In 1849, architect Marie-Gabriel Veugny, commissioned by Louis-Napoléon Bonaparte, designed the Cité Napoléon, constructed between 1849 and 1851 at 58, rue de Rochechouart in the 9th arrondissement of Paris. Considered the first workers’ housing estate in Paris, it was inspired by Charles Fourier’s concept of the phalanstère. The complex, arranged around a central garden with a fountain, comprised four buildings housing 400 families in 86 dwellings.

The Cité Napoléon, renamed Philanthropic city in 1884, was built in Lille between 1859 and 1862 by the Bureau de bienfaisance to accommodate 1,000 residents. Designed by architect Émile Vandenbergh, the complex consisted of six building wings separated by 16-metre-wide courtyards and connected by bridges containing shared services, with an emphasis on space, air, and light.

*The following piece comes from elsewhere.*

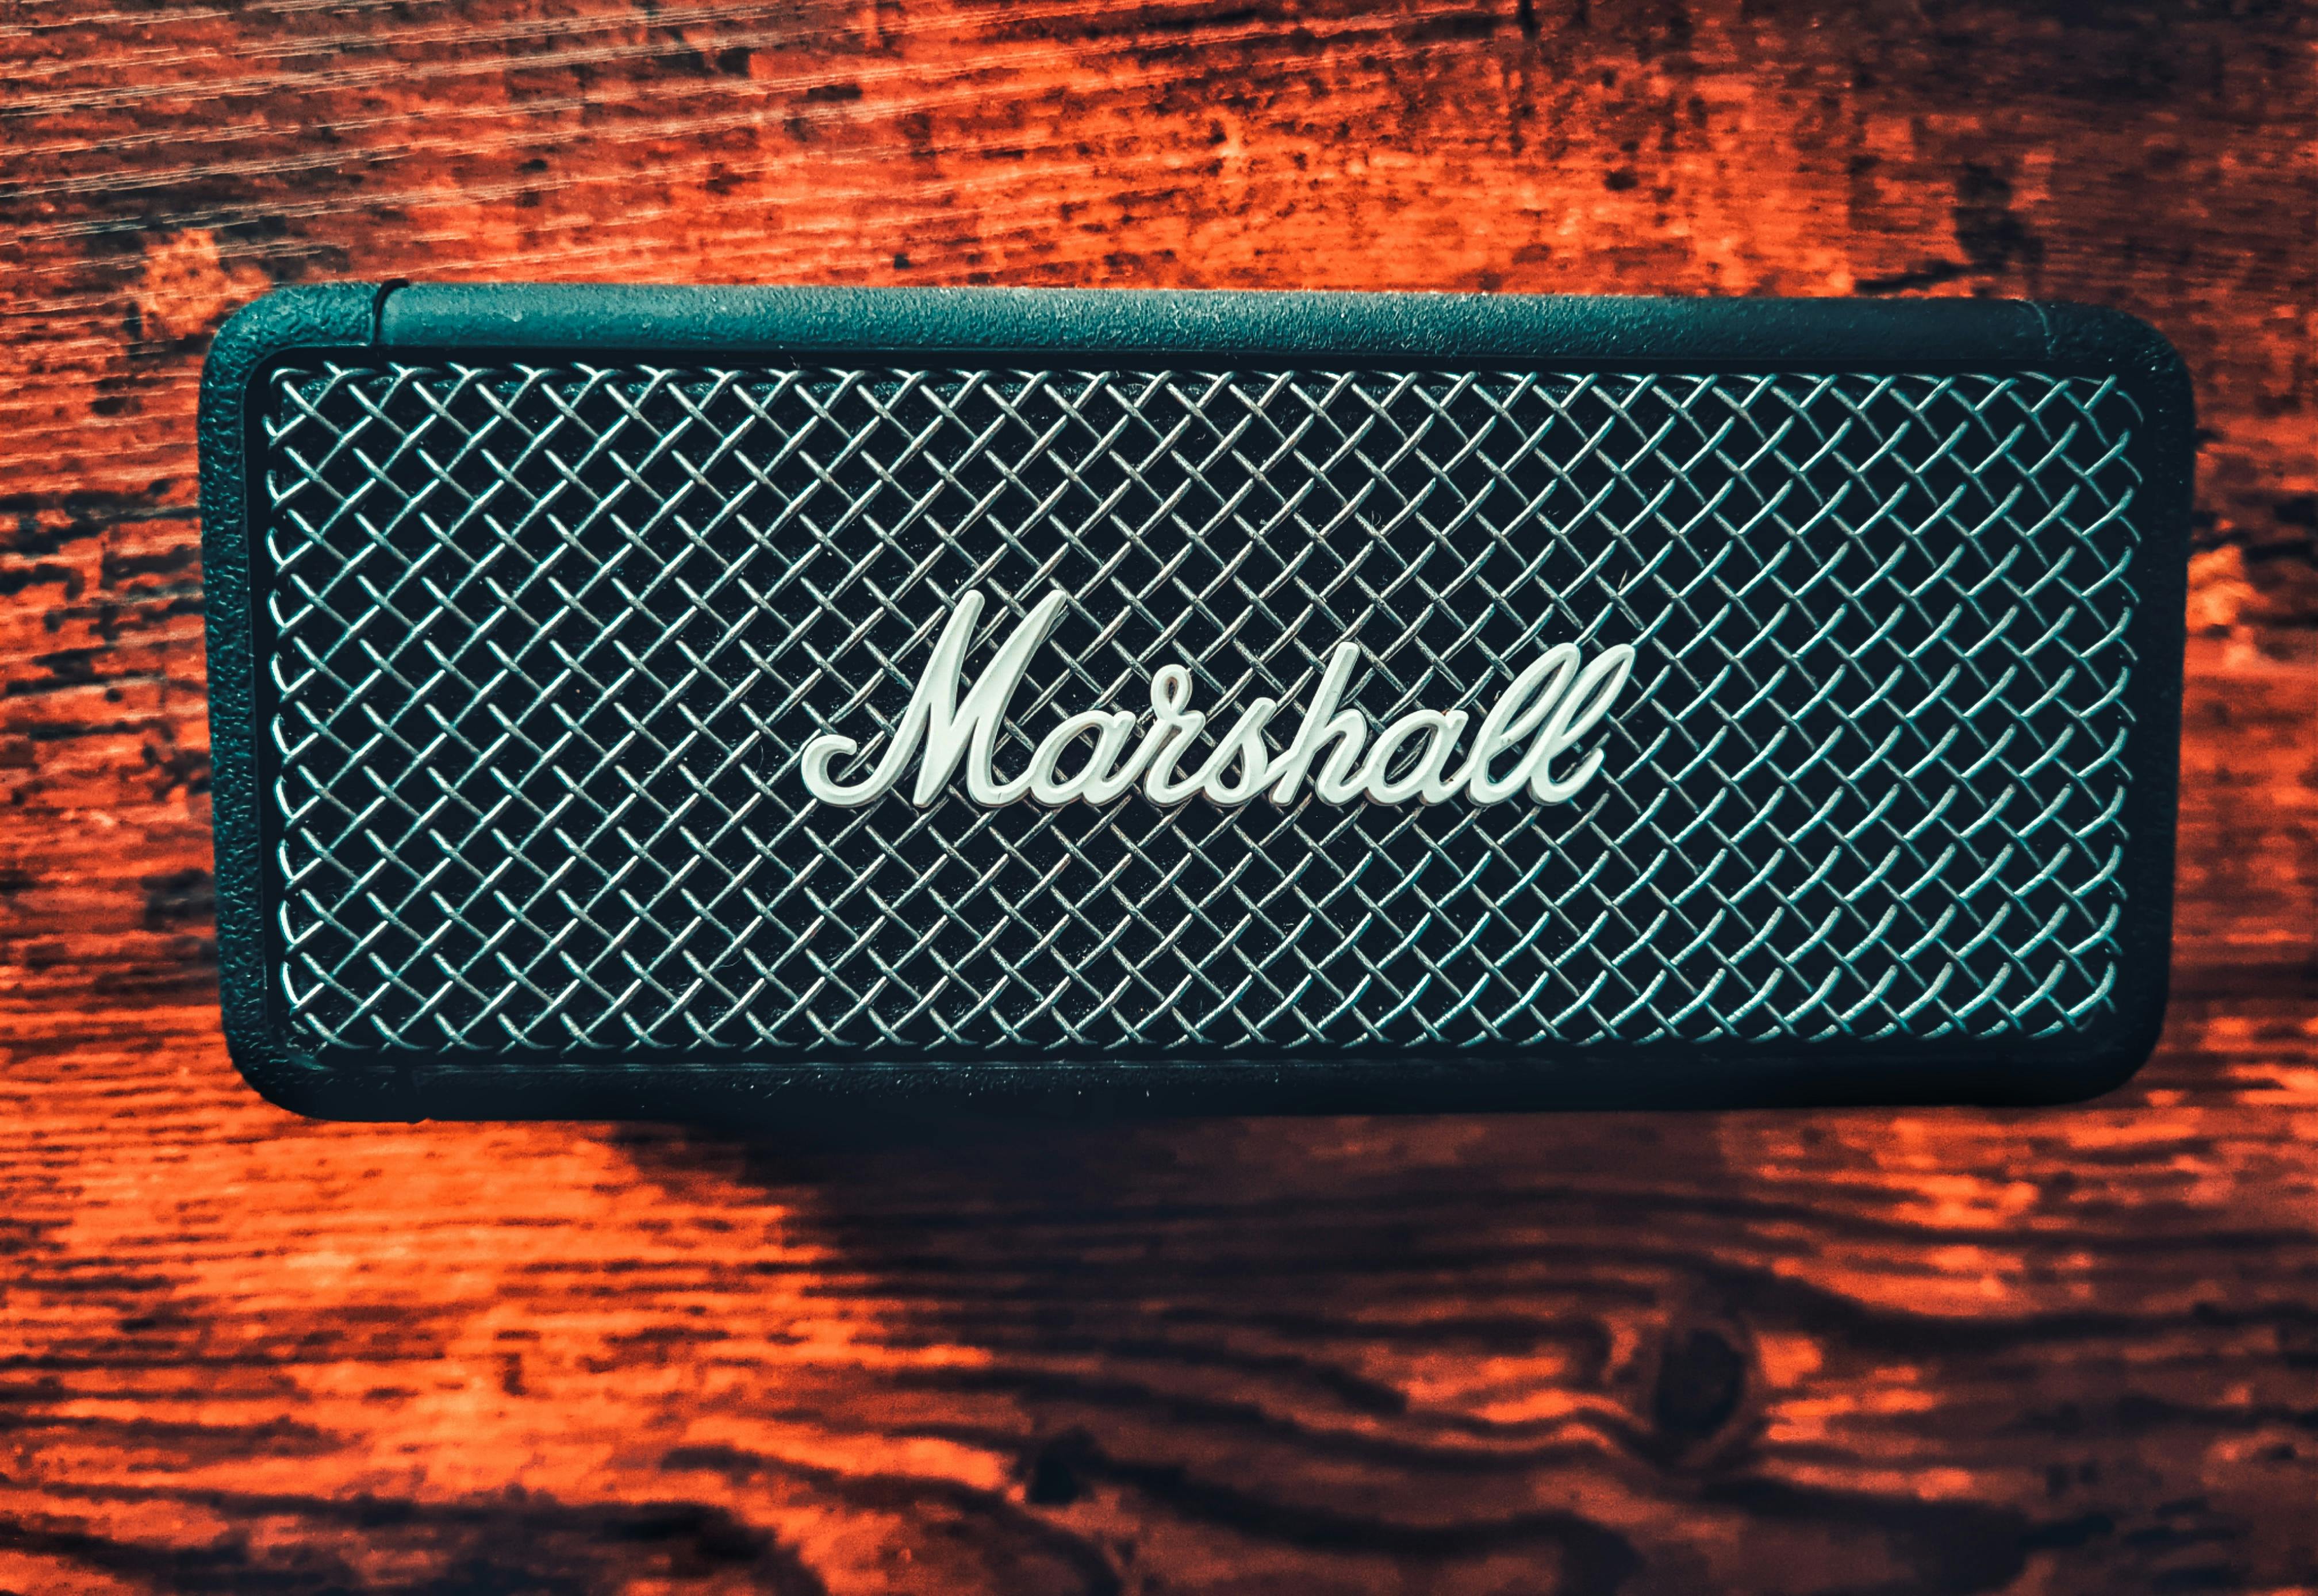 Marshall Amplification is being acquired by Zound, maker of Marshall  speakers

=== The first law concerning workers’ housing ===
On 13 April 1850, the first French law concerning workers’ housing, focused on the sanitation and prohibition of unhealthy dwellings, was enacted. Proposed by Viscount Anatole de Melun, a royalist deputy from Nord, it defined housing as unhealthy when its conditions endangered the life or health of inhabitants and granted municipal councils the authority to determine the work required to improve such housing. At the same time, the physician Louis René Villermé argued that the issue of workers’ housing was insoluble. Following his 1840 survey Tableau de l’état physique et moral des ouvriers employés dans les manufactures de coton, de laine et de soie (“Survey of the Physical and Moral Condition of Workers Employed in Cotton, Wool, and Silk Factories”), he stated before the Academy of Moral and Political Sciences that a large working-class population would inevitably include poorly housed individuals, as the lowest-paid workers would always be constrained to live in inadequate and unhealthy dwellings.

Until the 1950s, unhealthy housing was commonly described through a recurring portrayal: the worker spending time in the street or tavern, the wife remaining in a deteriorated home exposed to illness such as tuberculosis, and children playing outside in unsafe conditions.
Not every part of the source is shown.